» Exercise requirements
The pictures are to be left out when the listing below is reproduced word for word.

» Data below
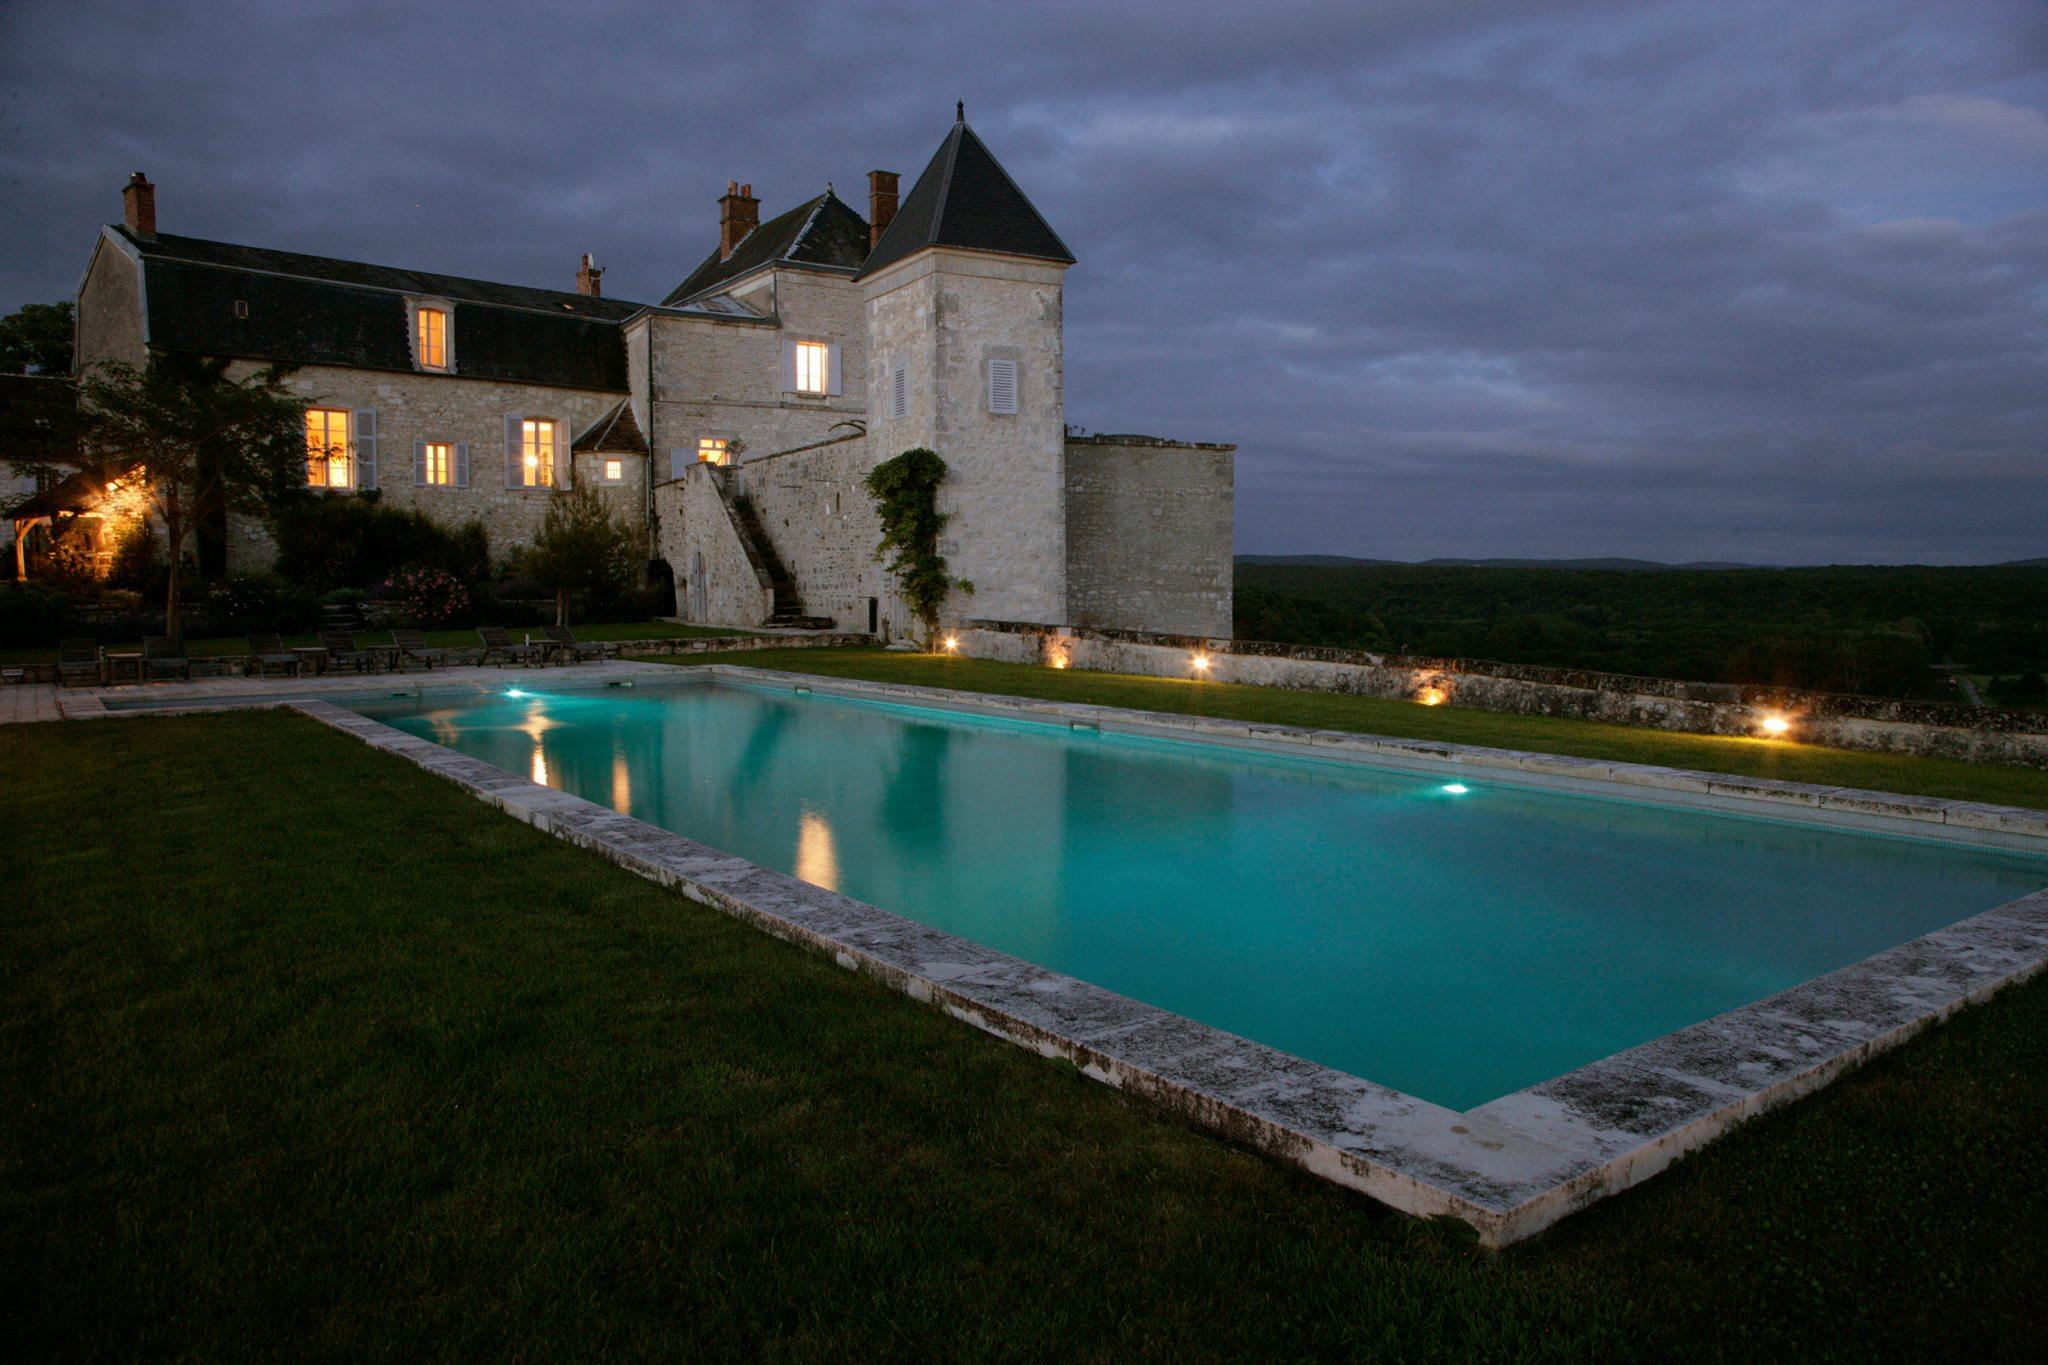 Chateau_nighttimepool_lit.jpg
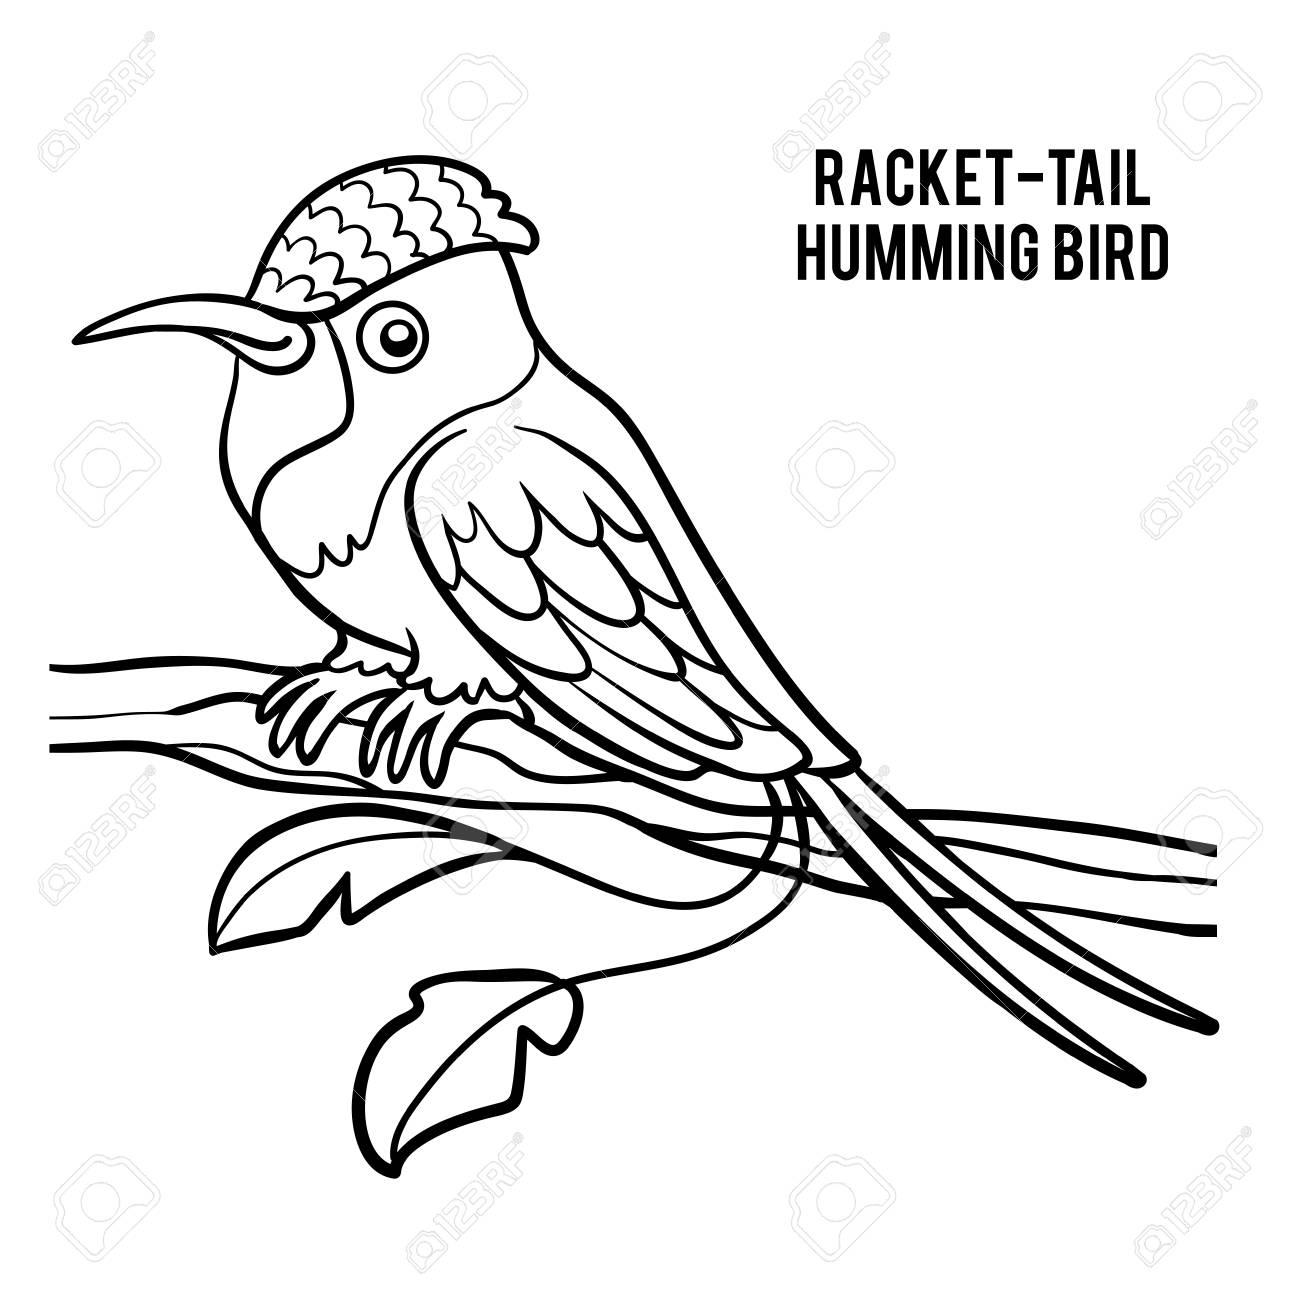 Dibujo Para Colorear Para Niños Colibrí Cola Hummingbird
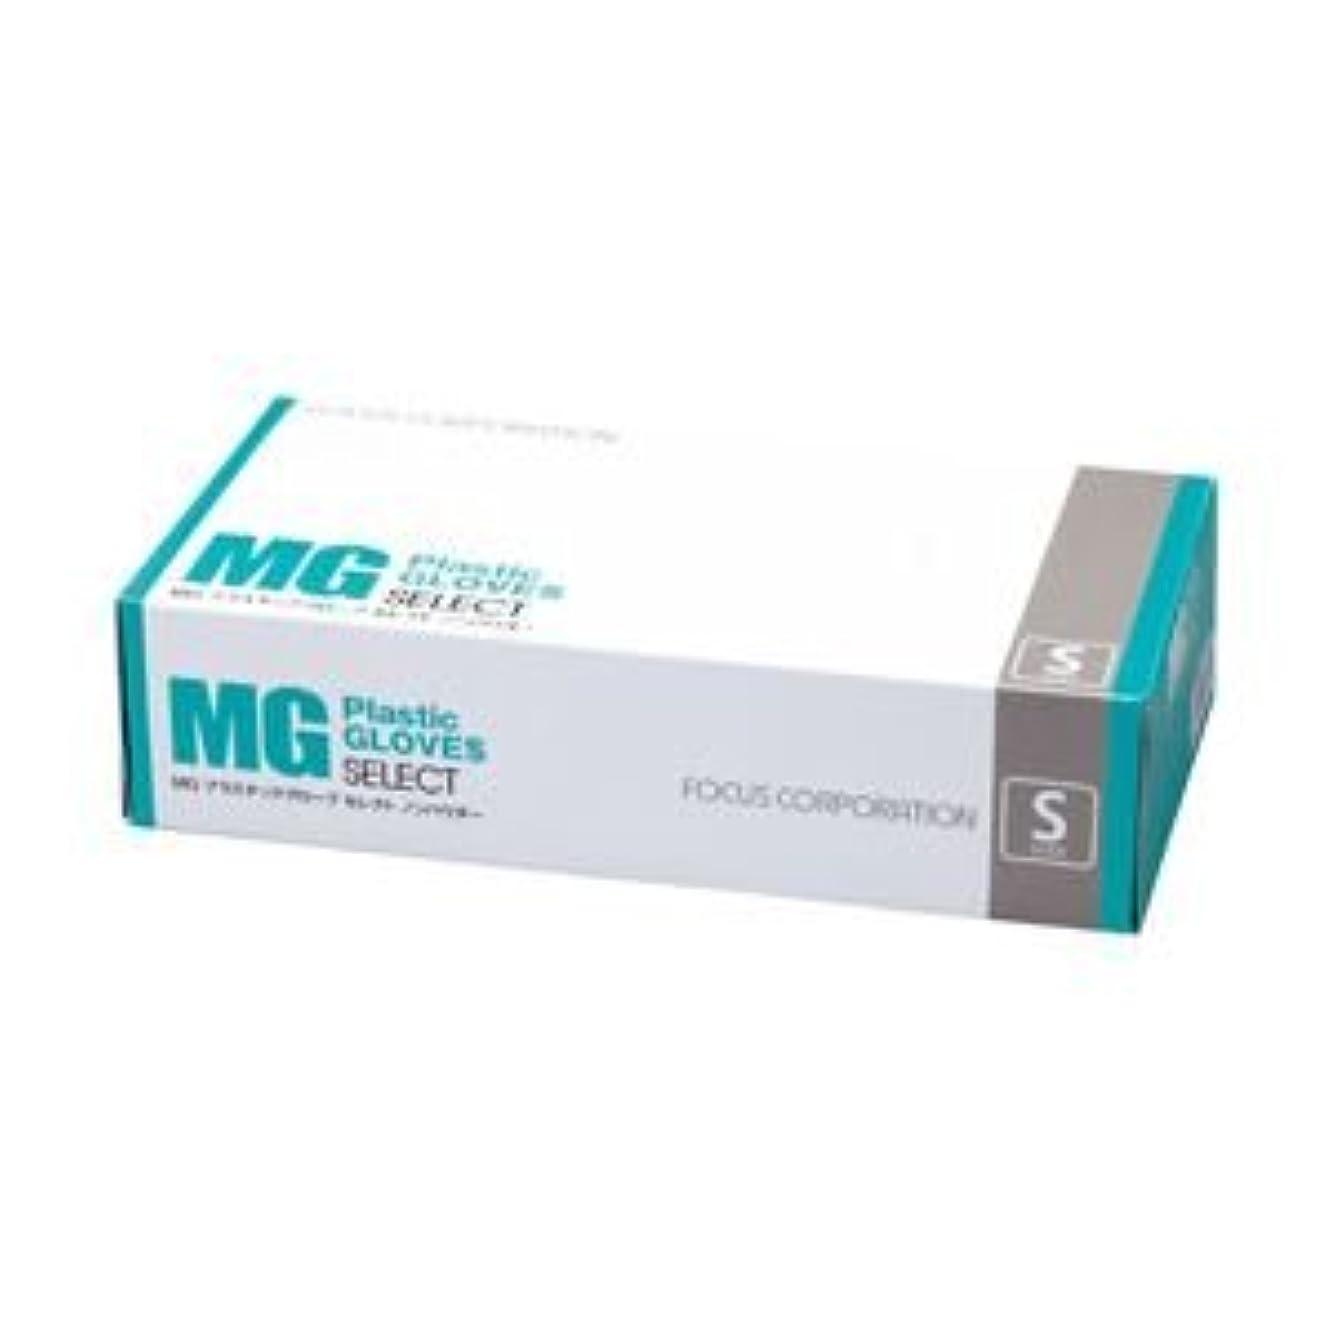 南極世辞絶壁フォーカス (業務用セット) MGプラスチックグローブSELECT 粉なし 半透明 1箱(100枚) Sサイズ (×10セット)

» Written response
 Chateau_nighttimepool_lit.jpg
 Dibujo Para Colorear Para Niños Colibrí Cola Hummingbird
 南極世辞絶壁フォーカス (業務用セット) MGプラスチックグローブSELECT 粉なし 半透明 1箱(100枚) Sサイズ (×10セット)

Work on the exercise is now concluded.